Thursday, 3 February 2011

exclusive interview with The Bug!

Το περασμένο Σάββατο, λίγο πριν ο Kevin Martin aka The Bug ανέβει στην σκηνή του Block33 με σκοπό να μας ισοπεδώσει, βρεθήκαμε face το face μαζί του για μία διεξοδική συζήτηση. Απολαύστε τον!




For starters I would like to go some years back... When “The Bug” project started you were already involved in other music projects as well (Ice and Techno Animal if I didn’t left something out). What made you start The Bug project?

Probably a lot of different reasons. One, we have reached as far as we could with techno animal, I felt, without a case of repeating ourselves, Justin had got really busy, I had some big personal changes baring in my life and I was looking for a solo project.

I 've walked out of a deal with a major label with a soundsystem, a dub soundsystem and I wanted to make music, that reflected my passion for Jamaican music. Everything I 've ever done had been really inspired by Jamaican music. No matter how noisy...once I've discovered dub, it really affected everything I have ever produced...
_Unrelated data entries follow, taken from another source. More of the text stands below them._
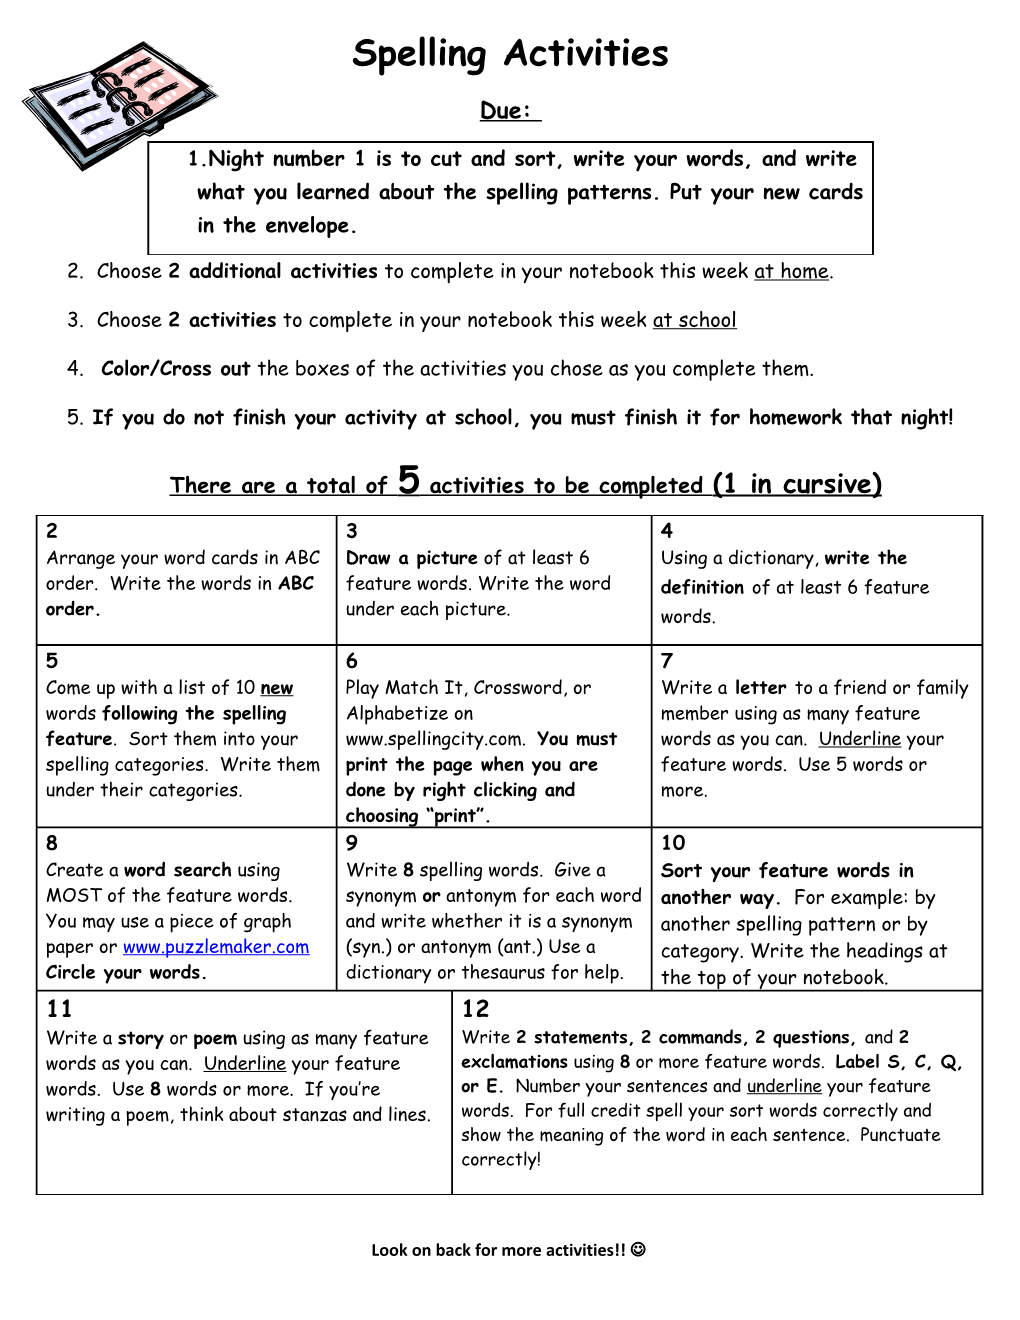 Spelling Activities s1
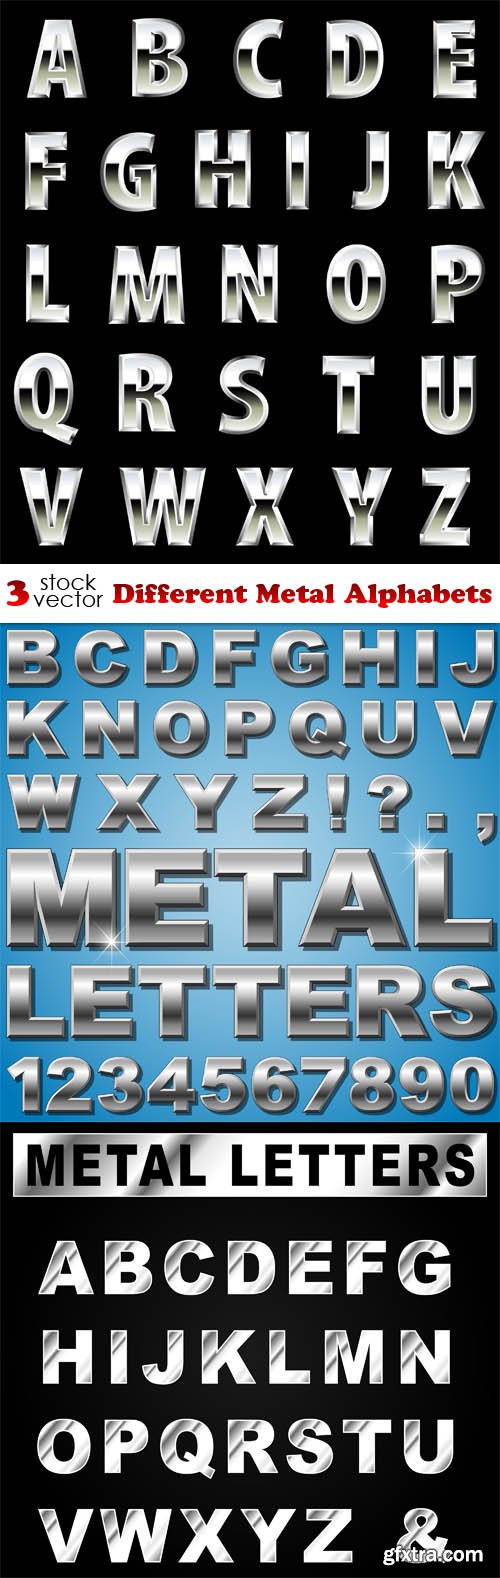 Vectors - Different Metal Alphabets
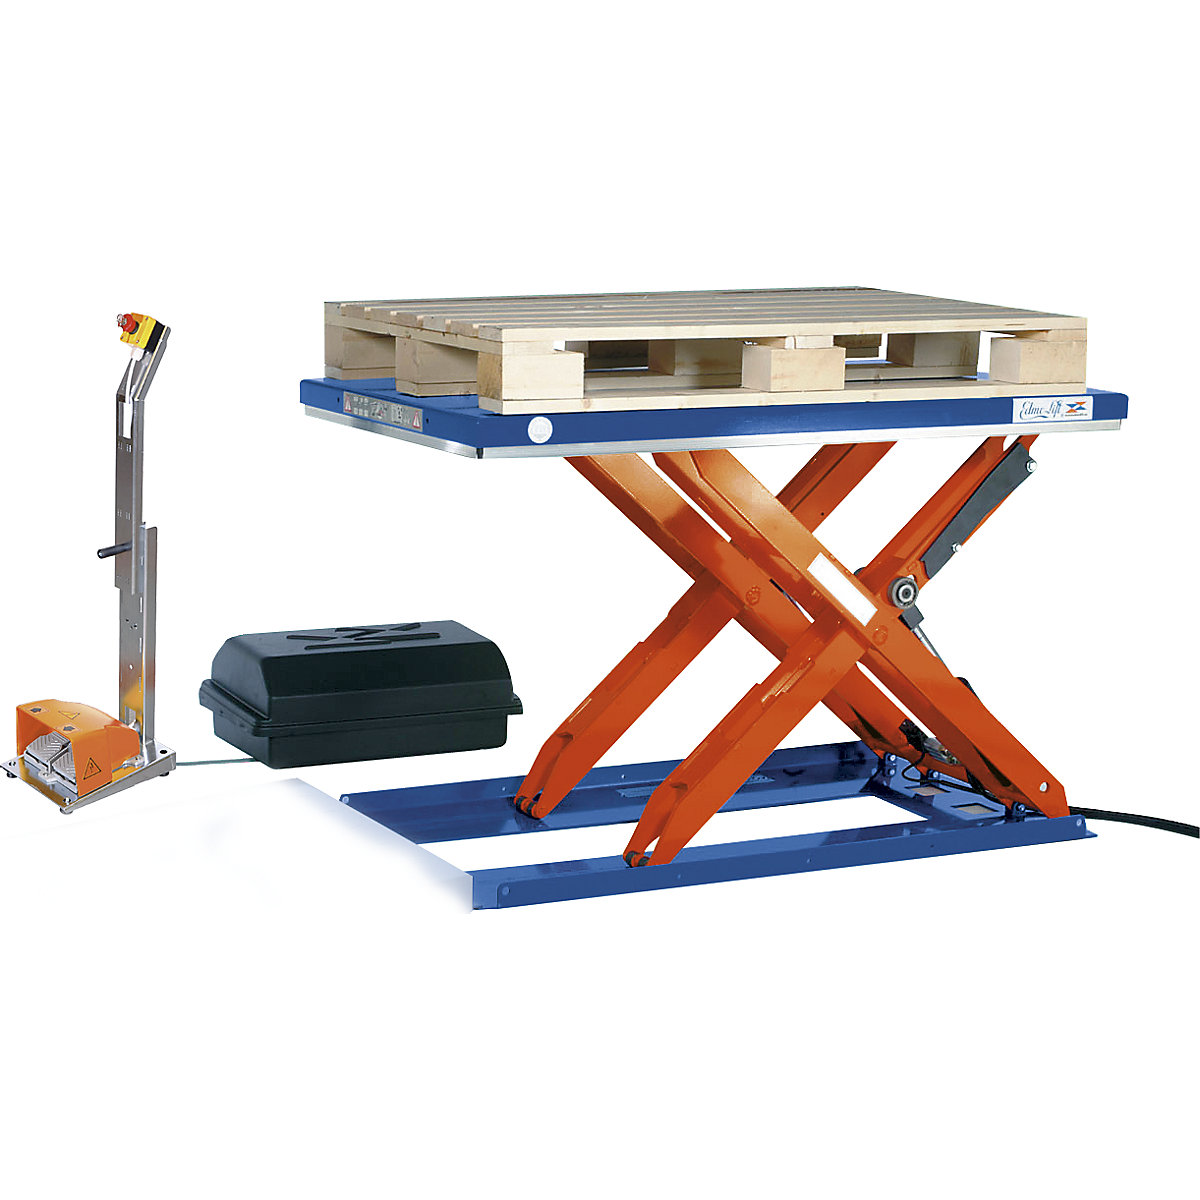 Płaski stół podnośny – Edmolift, dł. x szer. 1500 x 1000 mm, zakres podnoszenia do 800 mm, platforma zamknięta, 400 V, nożny element obsługi-5

I was just looking for something fresh, I was looking to try to do something that no one else was doing...I 've become addicted to 7 inch singles from Jamaica, that they call pre-releases and I was living in a very heavy Jamaican area of London where I was just being bombarded by dancehall and I used to be a sort of dub asshole and think that anything that wasn't 70's roots dub was crap.

And it took my a while to get over my own prejudice about ragga and dancehall, and I was hearing a riddim called Street Sweeper by Steely & Clevie.. I was just so blown away, I had to learn more about this and the more I learned the more I loved the extremity of the lyrics, I loved the extremity in music, I like the fact that it seems basically to fuck with your mind and your body and it was violent and sexy...

For all these reason I got interested in dancehall and started The Bug.

Why "The Bug" as a name?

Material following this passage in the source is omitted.